This New Yorker article provides some insight on cross-cultural issues.
posted by Melismata at 7:20 AM on September 13, 2017 [2 favorites]


I always assumed that whining in an annoying nasal high pitched voice was basically the human being version of a fire alarm. High pitched "whiney" tones are hard(er) to ignore acoustically, like baby cries. Moderate, mid range, round tones are way WAY less effective at getting attention. If you think about it, almost all "attention is required right now!" noises are high pitched like that, both natural and man made. Screams of terror, crying babies, ambulances, every sort of alarm and siren ever, ringtones.... etc

So while I believe whiney BEHAVIOUR is a learned behaviour (in that kids have learned that it WORKS and thus continue to do it), I strongly suspect the specific tone and whiney high pitched nasal sound of it is biologically based to get the most attention possible, and thus likely not cultural.
posted by PuppetMcSockerson at 7:22 AM on September 13, 2017 [5 favorites]


Plenty of whiny kids in China, in my experience.

It's a communication strategy that is simple to execute and, often, effective. How adults respond to it determines how ingrained it gets, but I think there's also just some personality issues. Coping with big feelings and having emotional intelligence are developmental milestones that appear at wildly different points in the lives of small humans.
posted by soren_lorensen at 7:23 AM on September 13, 2017 [2 favorites]

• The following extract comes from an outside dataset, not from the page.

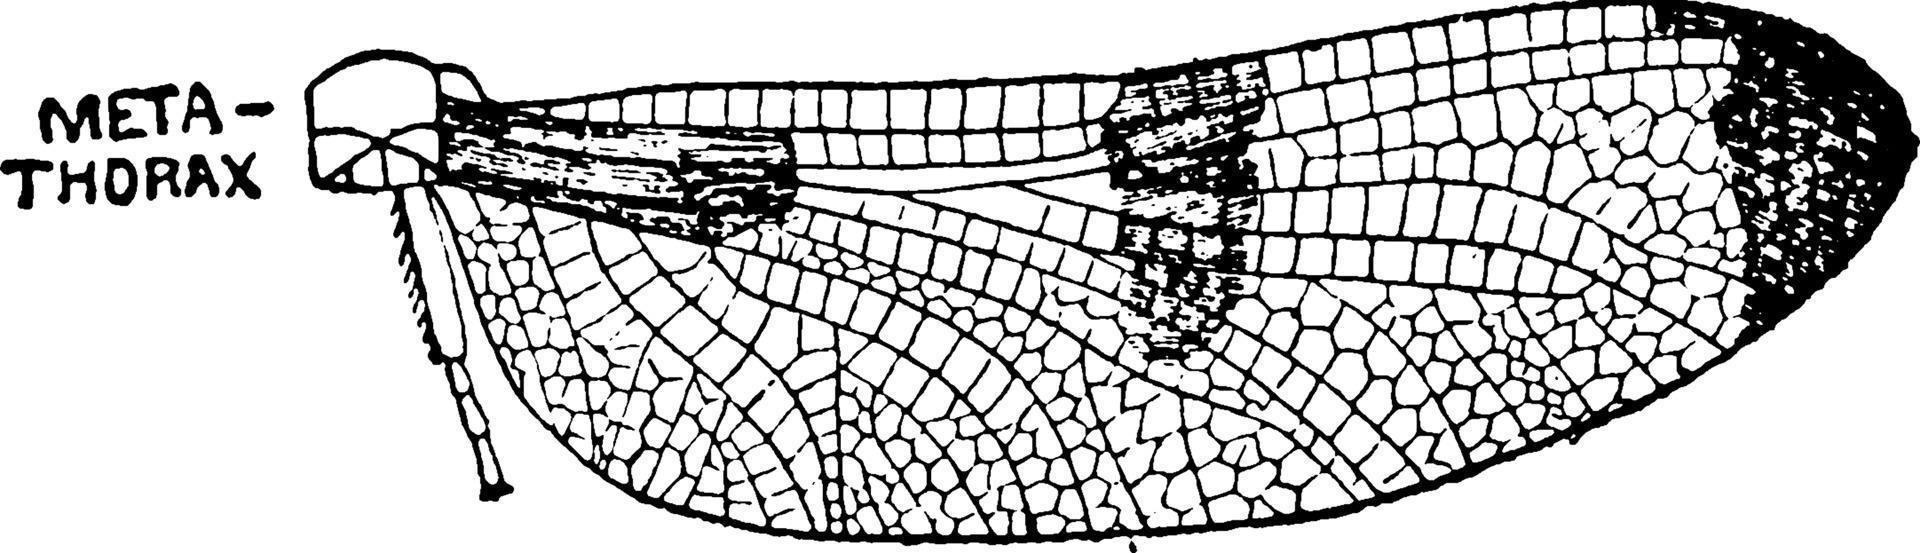 Mayfly Metathorax Section, vintage illustration. vector

I'm Italian but live in the US. Kids whine in Italy and kids whine in the US. I have met whining kids in every country I have ever visited, in fact, so I'd hazard that it's cross-cultural though I can't speak from a pedagogical point of view.
posted by lydhre at 7:33 AM on September 13, 2017 [2 favorites]


When we (Americans) lived in Germany, we came across plenty of children who tried to get what they wanted by whining.

I used to work in a Jewish preschool. The kids newly arrived from Israel whined just as much as their American counterparts.

It's fairly accepted dogma that kids stop whining when they figure out it doesn't work, or when the people in charge of them teach them a different method of expressing their wants/needs/frustrations. This was true for my kids, it was true for the German kids, and it was true for the Israeli kids.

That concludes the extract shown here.